There has been no amendment of section 175, supra, as suggested by this report. To carry out the purpose of such report, an amendment of that statute was contemplated in connection with an appropriation referring to it. In making the report the committee observed the propriety of both steps in the process. The appropriation, even if it refers to section 175, supra, without the proposed amendment, was not a completion of the program of the committee. If the legislature intended to make the appropriation have the effect suggested without the amendment of section 175, supra, and without the appropriation referring to section 175, it should plainly so appear.
This conclusion is not weakened, but rather strengthened, by the fact that the legislature did pass a bill making the proposed amendment to section 175, supra, but it did not meet the approval of the Governor, and for that reason did not become a law. But the effort on the part of the legislature tends to show that it was their purpose not to make the appropriation, without the aid of the proposed amendment, serve to restrict the amount required by section 175, supra.
That bill sought to incorporate in section 175, supra, the substance of some of the terms used in section 105, Title 55, supra, as to the governor's emergency fund, but, as we have said, it failed to become a law. That is all the more reason why the appropriation for temporary clerks should expressly limit the appropriation in section 175, supra, if so intended. Moreover, section 105, supra, does not provide in itself an appropriation, so that an appropriation is necessary to be made otherwise for that purpose. Whereas section 175, supra, has in itself an appropriation which was sought to be restricted by the proposed amendment to it, in connection with the general appropriation bill. Without this amendment, the plan as contemplated was not carried out nor effected by the temporary clerk fund provision of the Appropriation Act of 1947.
The appropriation here in question is not set up in terms as a maximum amount, as was done in other features of the Act.

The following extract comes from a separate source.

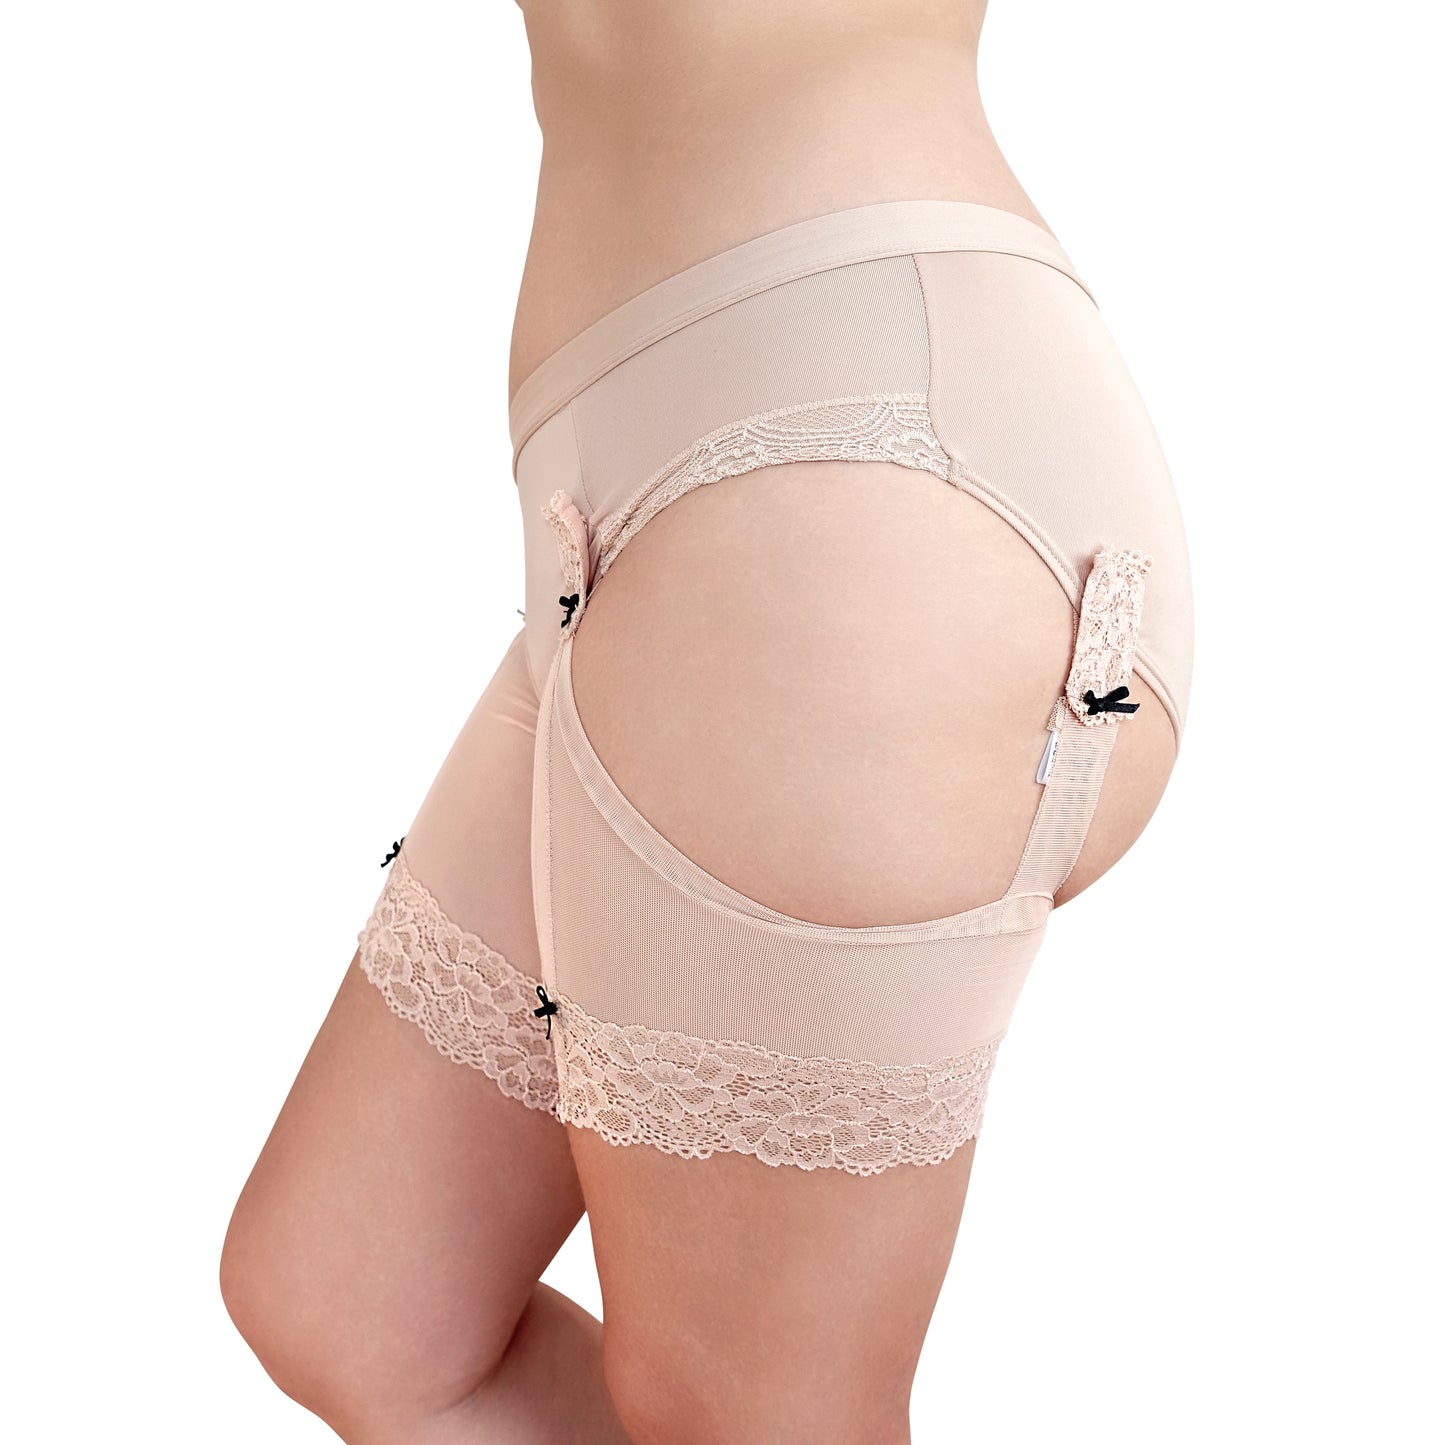 ANTI CHAFE Clip-On Thigh Bands - NUDE BEIGE
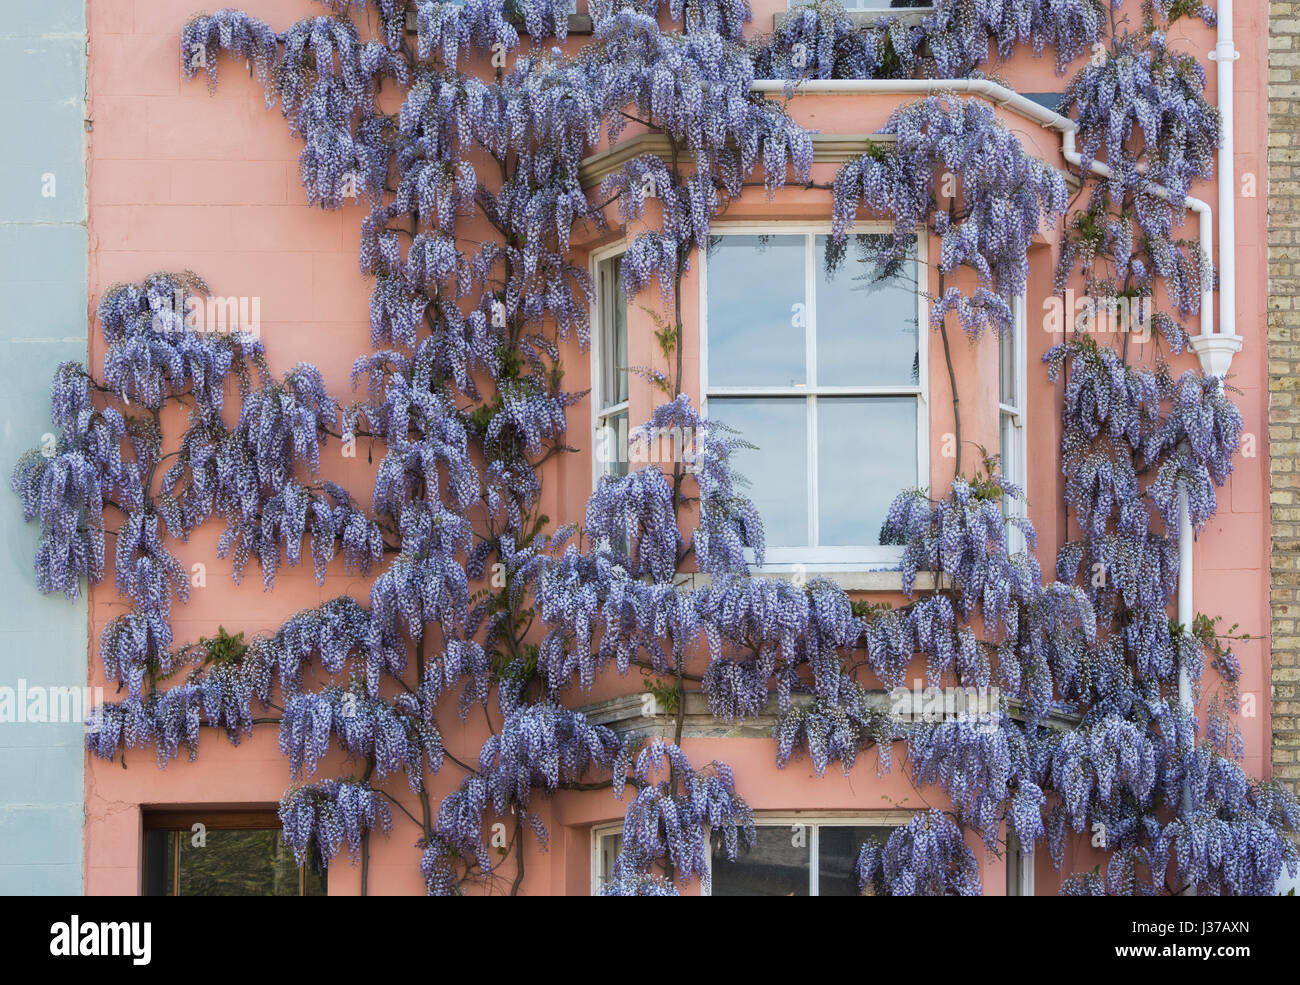 Wisteria on the front of a residential house in Iffley road, Oxford, Oxfordshire, UK Stock Photo

Nor do we think the general terms of section 3 of the Appropriation Act should be held to distinctly and plainly apply to the present situation. It provides that the amounts specifically appropriated shall be in lieu of the amounts heretofore provided or appropriated by law for such purposes. But section 175, supra, does not appropriate an amount for temporary clerk hire, and therefore it is not within the provisions expressed in section 3, supra. It is building an inference on an inference to find that this appropriation refers to section 175, supra, and also that it is distinctly and plainly intended to be the maximum amount usable under section 175, supra, when its terms are not so expressed.
By reason of the disqualification of Gardner, C. J., and Livingston, J., the number of justices competent to sit in this case is reduced to five, so that by virtue of Title 13, section 14, the concurrence *Page 331 of three justices is sufficient in the determination of this cause.
The judgment of the trial court is affirmed by reason of the concurrence of Brown and Stakely, JJ., with the writer.
Affirmed.
BROWN and STAKELY, JJ., concur.
LAWSON and SIMPSON, JJ., dissent.
GARDNER, C. J., and LIVINGSTON, J., not sitting.